A ratio above 1 means that all the current liabilities can be paid with cash and equivalents. A ratio below 1 means that the company needs more than just its cash reserves to pay off its current debt. Any ratio above 1 is considered to be a good liquidity measure.What is a good profitability ratio?
Profitability ratios are a class of financial metrics that are used to assess a business's ability to generate earnings relative to its revenue, operating costs, balance sheet assets, and shareholders' equity over time, using data from a specific point in time. 1:47.What does the cash coverage ratio tell us?

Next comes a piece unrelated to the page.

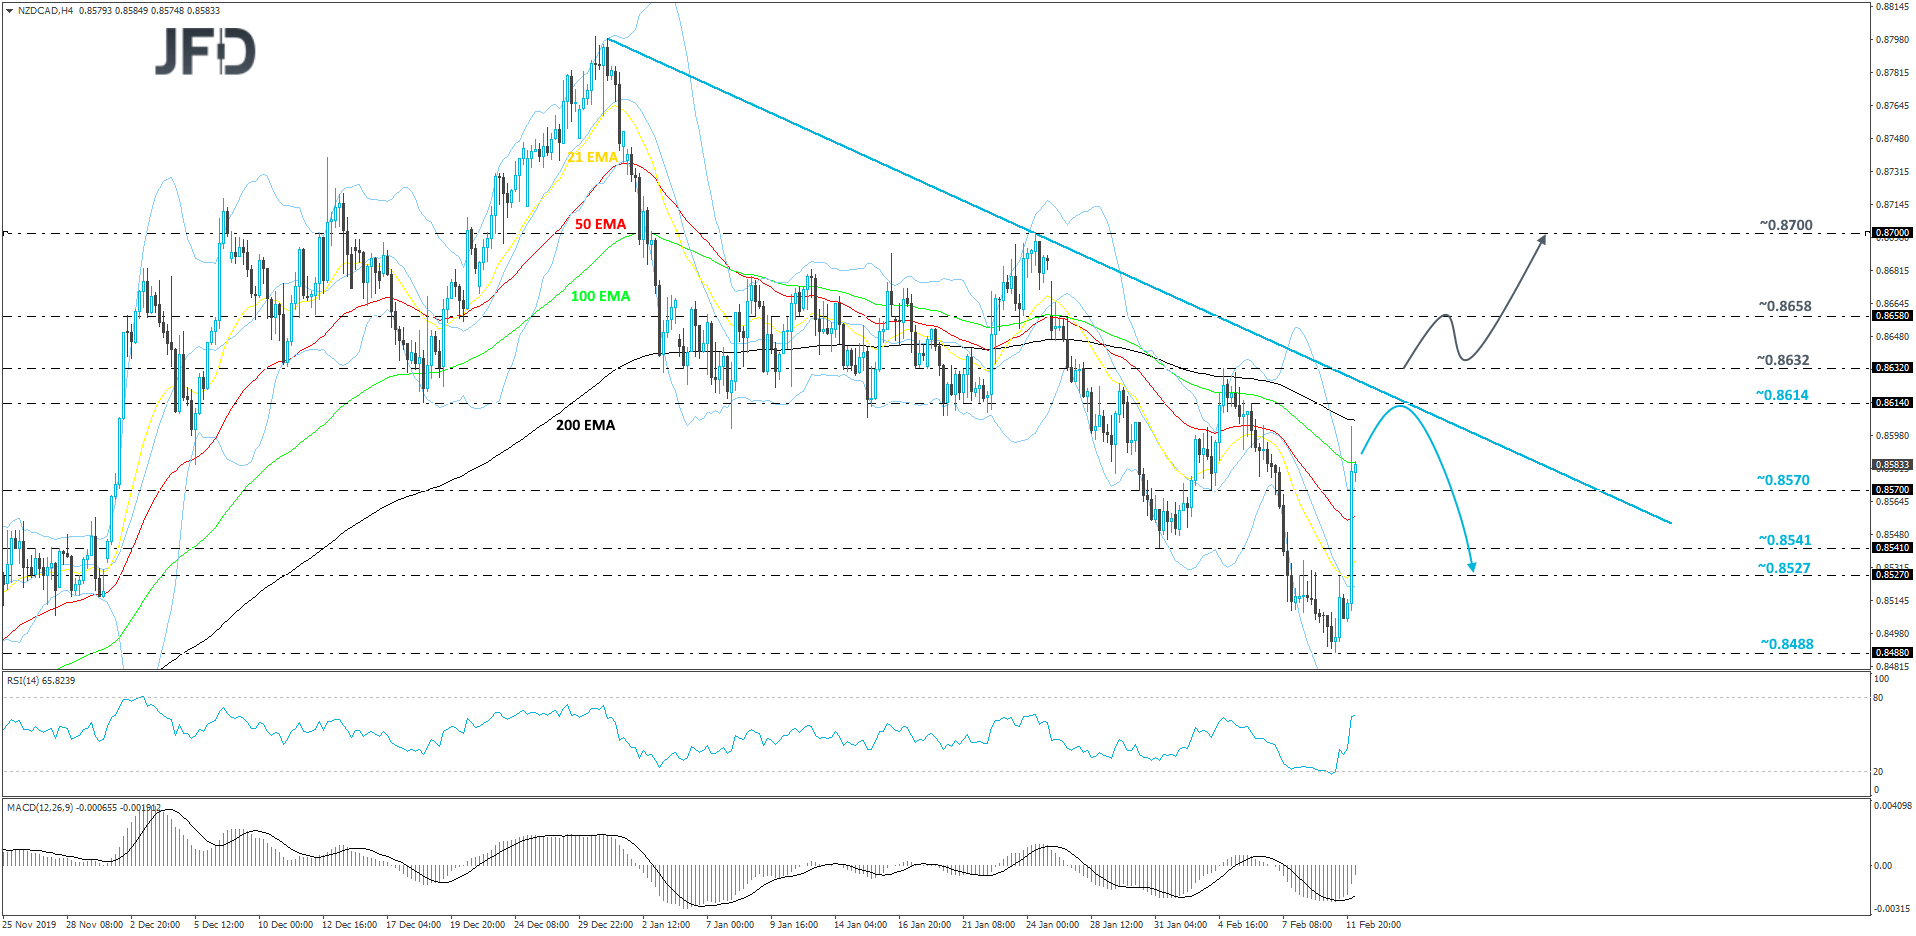 NZD/CAD 4-hour chart technical analysis
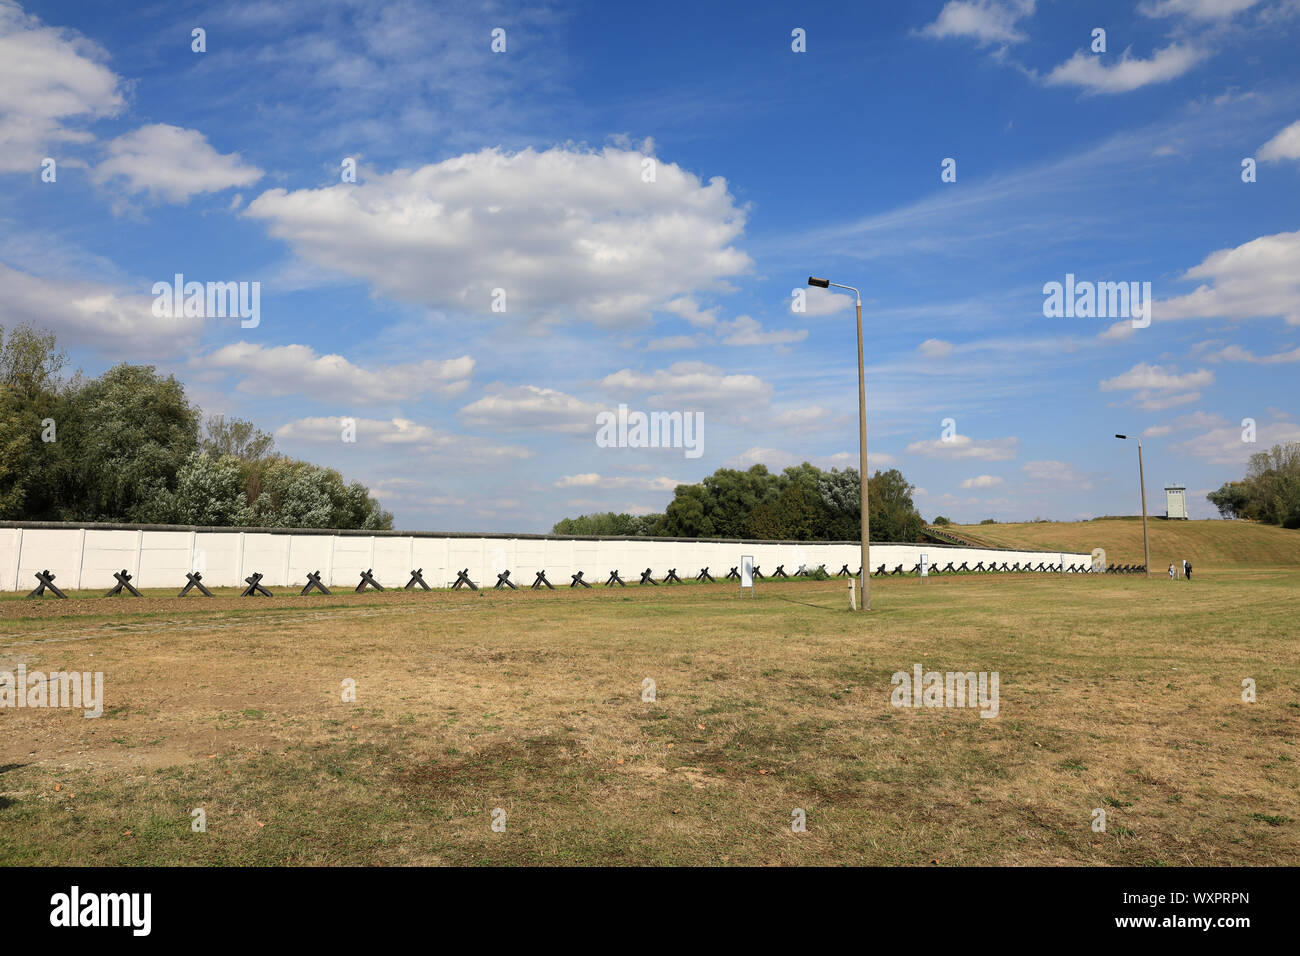 05 September 2019, Saxony-Anhalt, Hötensleben: The command tower and remains of the Wall are located at the border monument in Hötensleben on the former inner-German border. Photo: Peter Gercke/dpa-Zentralbild/ZB Stock Photo

The cash coverage ratio is useful for determining the amount of cash available to pay for a borrower's interest expense, and is expressed as a ratio of the cash available to the amount of interest to be paid. To show a sufficient ability to pay, the ratio should be substantially greater than 1:1.How is leverage ratio calculated?
Leverage = total company debt/shareholder's equity. Count up the company's total shareholder equity (i.e., multiplying the number of outstanding company shares by the company's stock price.) Divide the total debt by total equity. The resulting figure is a company's financial leverage ratio.What is inventory turnover ratio?
Inventory turnover is a ratio showing how many times a company has sold and replaced inventory during a given period. A company can then divide the days in the period by the inventory turnover formula to calculate the days it takes to sell the inventory on hand.What are activity ratios?
Activity ratios are a category of financial ratios that measure a firm's ability to convert different accounts within its balance sheets into cash or sales. Activity ratios are also commonly known as efficiency ratios.What is a liquidity ratio?
In accounting, the term liquidity is defined as the ability of a company to meet its financial obligations as they come due. The liquidity ratio, then, is a computation that is used to measure a company's ability to pay its short-term debts. It is followed by the acid ratio, and the cash ratio.What is total debt?
Total debt is the sum of all long-term liabilities and is identified on the company's balance sheet.What is fixed charge coverage ratio?
The fixed charge coverage ratio is a financial ratio that measures a firm's ability to pay all of its fixed charges or expenses with its income before interest and income taxes.Is trademark an asset?
A popular trademark among customers is often called a brand. Trademarks are assets of a business. They are included under intangible assets in the balance sheet. For the purpose of accounting, a trademark is capitalized, meaning that it is recorded in the books of accounts as an asset through a journal entry.Is a higher or lower interest coverage ratio better?
When a company's interest coverage ratio is only 1.5 or lower, its ability to meet interest expenses may be questionable. A higher ratio indicates a better financial health as it means that the company is more capable to meeting its interest obligations from operating earnings.